Interpretive Summary: A plant's fiber component provides a great deal of structural strength as well as considerable nutrition to ruminant animals. Grain fiber also has significant human health benefits. The fiber is reinforced in the plant by cross-linking of the polysaccharide polymers, on a micro-scale rather akin to the cross-bracing we use when building wooden structures. Some time ago we discovered new mechanisms by which wall cross-linking could be achieved by chemical coupling of two so-called ferulate molecules (that were each tied to one polysaccharide chain) to create ferulate dimers. Such findings have opened up avenues of research into improving the utilization of large classes of plant fiber and other food commodities. A short time ago we reported the first structural evidence for three ferulates coupling together making a ferulate trimer. Now it is getting even more complicated (and perhaps ridiculous!) with the discovery that polysaccharides can be linked by four ferulates in a tetramer. It is tempting to infer that polysaccharide chains may be very heavily cross-linked, but in fact there is the possibility that the ferulate tetramers still only cross-links two polysaccharide chains. The significance is that cross-linking is even more prevalent than we previously thought, and that ferulates are capable of creating the cross-links in a variety of ways. Future efforts are aimed at minimizing this cross-linking in forage plants to improve ruminant digestibility, and to ascertain the human and animal health benefits of the ferulates in cereal grains.

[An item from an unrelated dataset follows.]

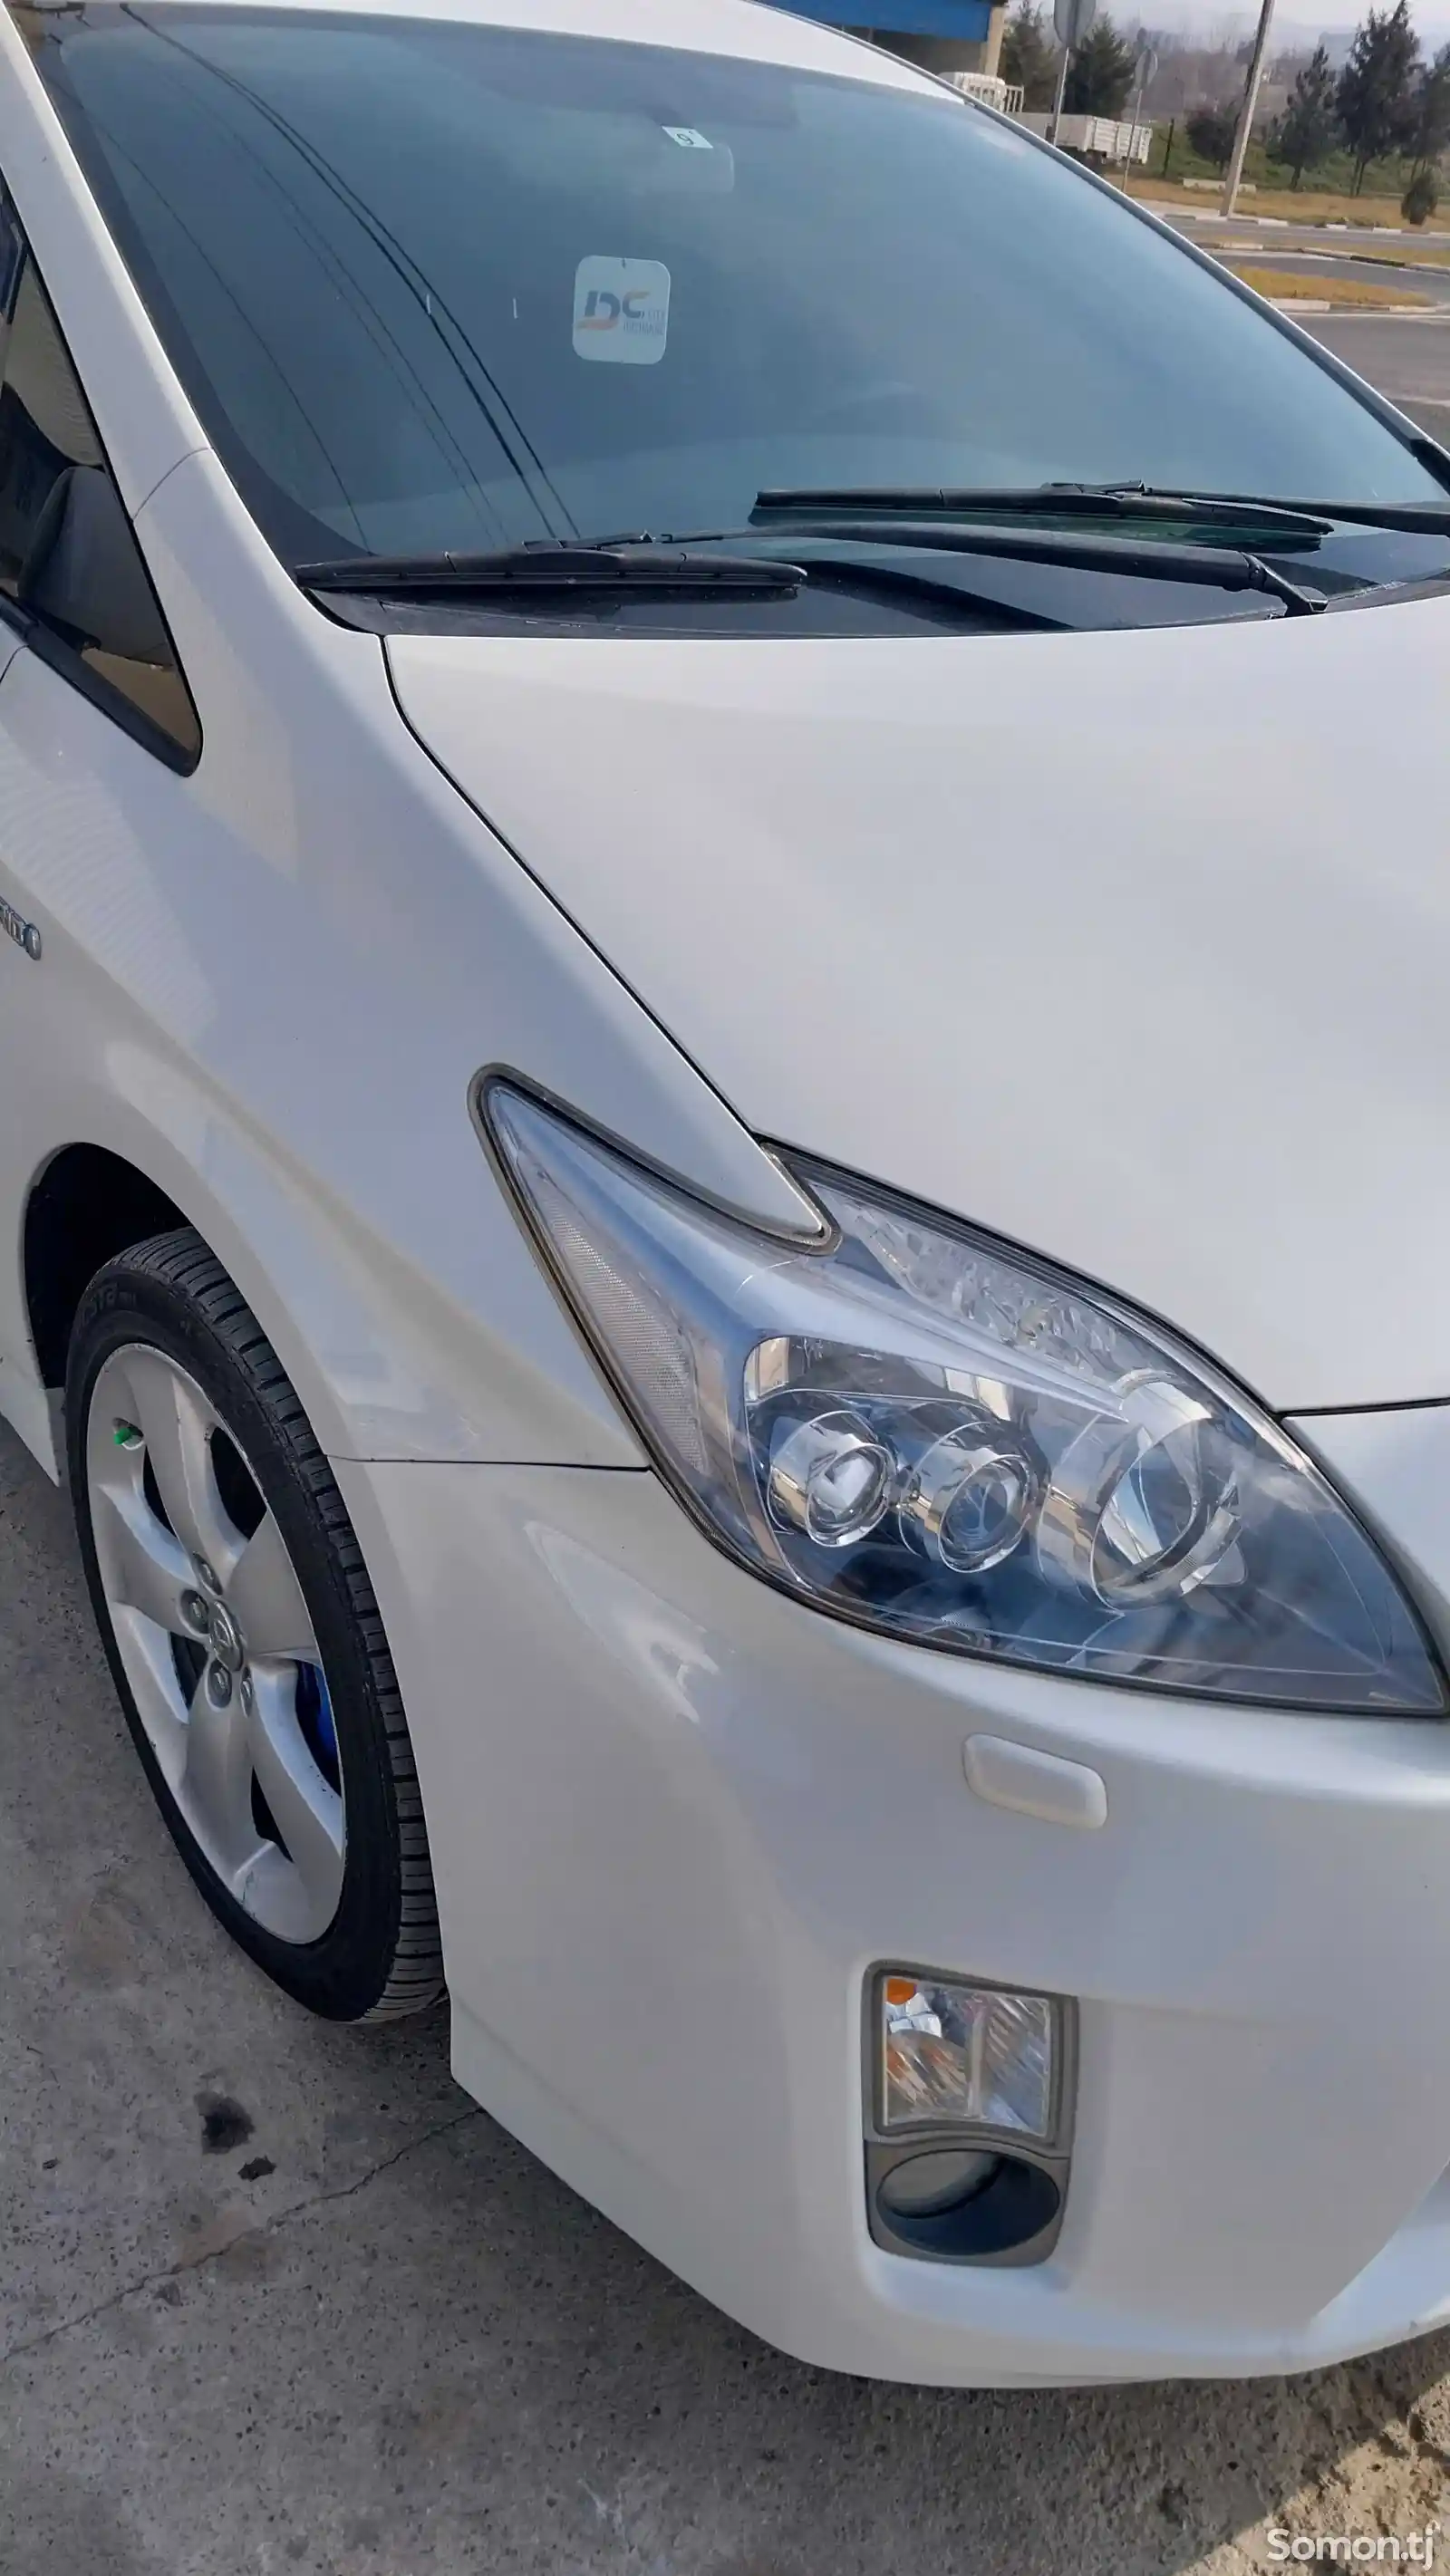 Toyota Prius, 2011-2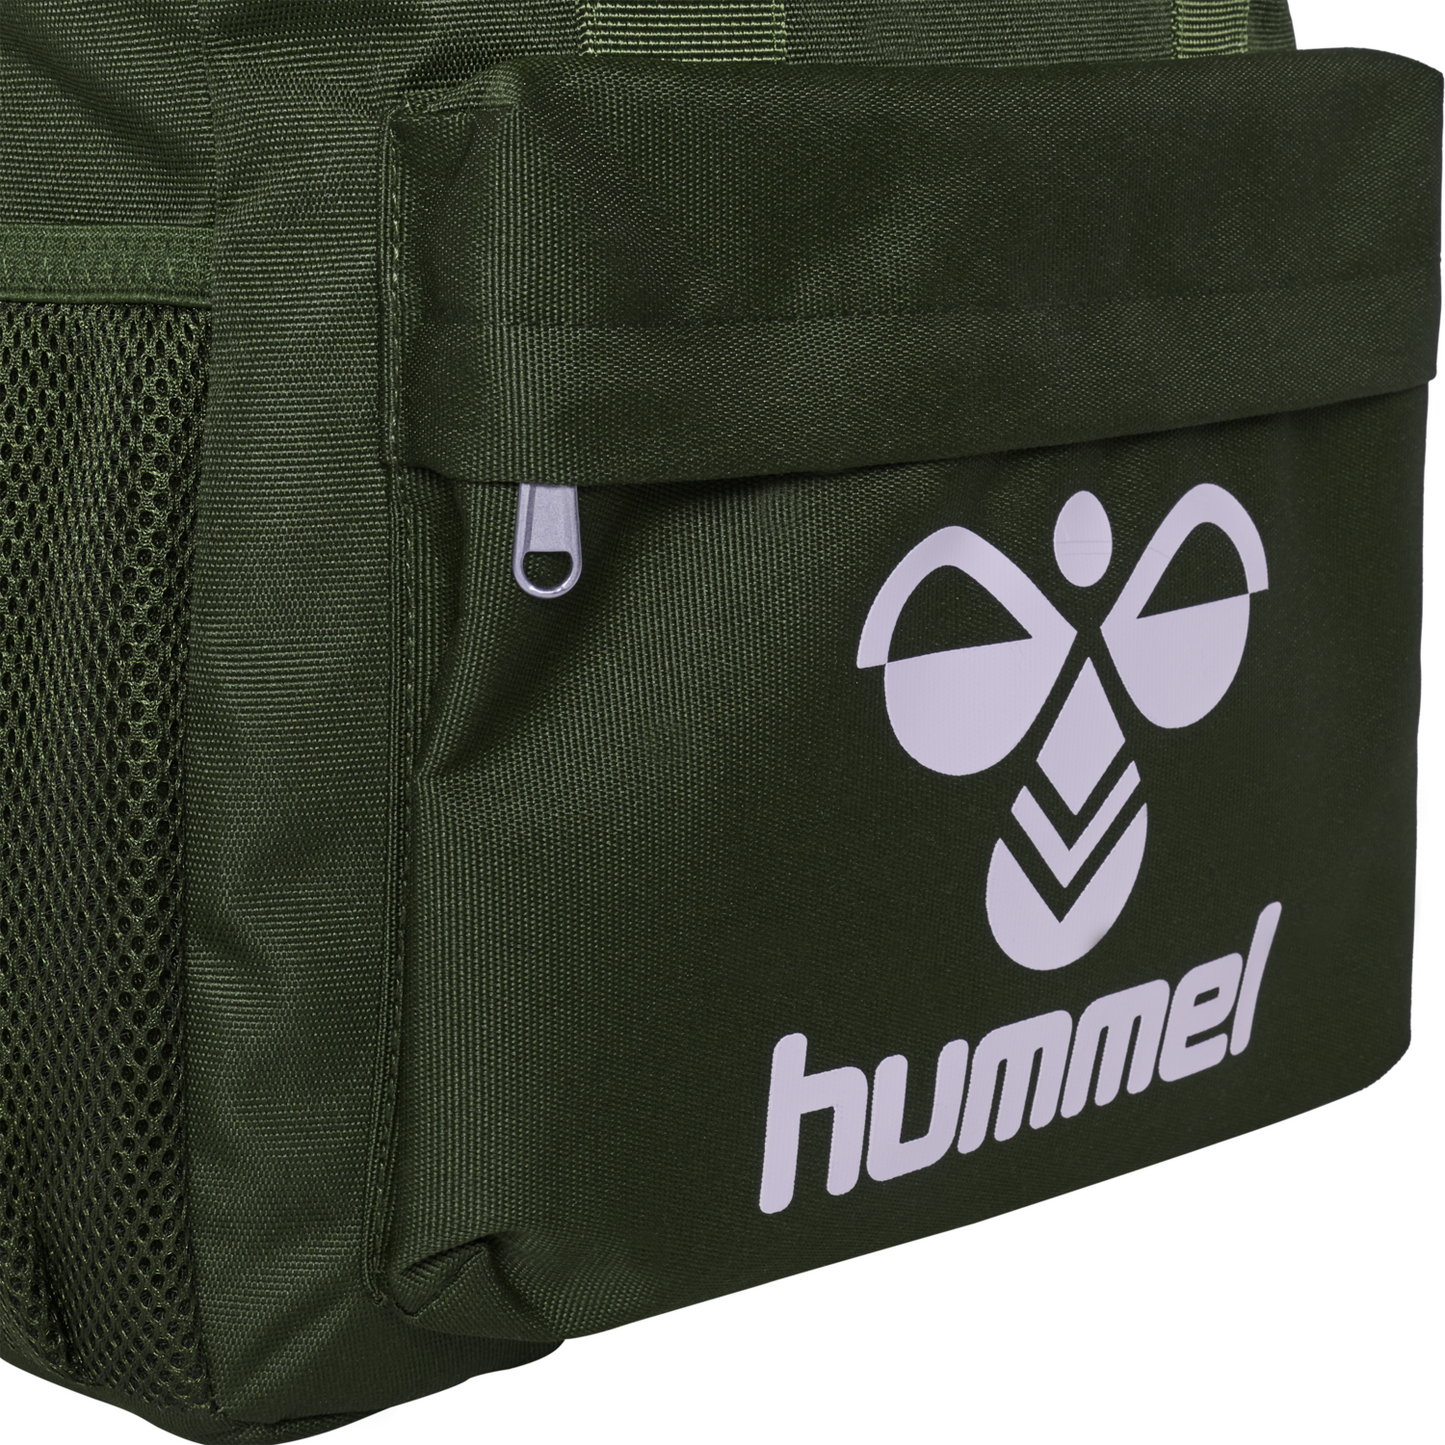 Hummel Cypress Back Pack with Padded shoulder Straps

Technical Abstract: Two new dehydrotriferulic acids and two dehydrotetraferulic acids were isolated from saponified maize bran insoluble fiber using size exclusion chromatography on BioBeads S-X3 followed by Sephadex LH-20 chromatography and semi-preparative Phenyl-Hexyl-RP-HPLC. Based on UV-spectroscopy, mass spectroscopy, and one- and two-dimensional NMR experiments, the structures were identified as 8-5(non-cyclic)/5-5-dehydrotriferulic acid, 8-8(tetrahydrofuran)/5-5-dehydrotriferulic acid and 4-O-8/5-5/8-O-4-dehydrotetraferulic acid. The second tetramer was tentatively identified as 4-O-8/5-5/8-5(non-cyclic)-dehydrotetraferulic acid. Compounds containing an 8-5(non-cyclic)-coupled dimeric unit probably do not exist in-planta but are formed from their phenylcoumaran precursors containing an 8-5(cyclic)-coupled dimeric unit during saponification. The presented dehydrotrimers are the first dehydrotriferulates that do not contain an 8-O-4-coupled dimeric unit. The ferulate dehydrotetramers that are reported for the first time are presumed, like the dimers and trimers, to cross-link polysaccharides in the plant. Since both tetramers contain a 5-5/8-O-4-dehydrotriferulate moiety, the predominant dehydrotrimer in maize bran, it is not possible to deduce whether tetramers are formed by coupling of a fourth unit to a preformed dehydrotriferulate or by 5-5-coupling of preformed 8-O-4- and 8-5-dehydrodiferulates. Nevertheless, such compounds document expanded roles for ferulates in cross-linking polysaccharides in plant cell walls.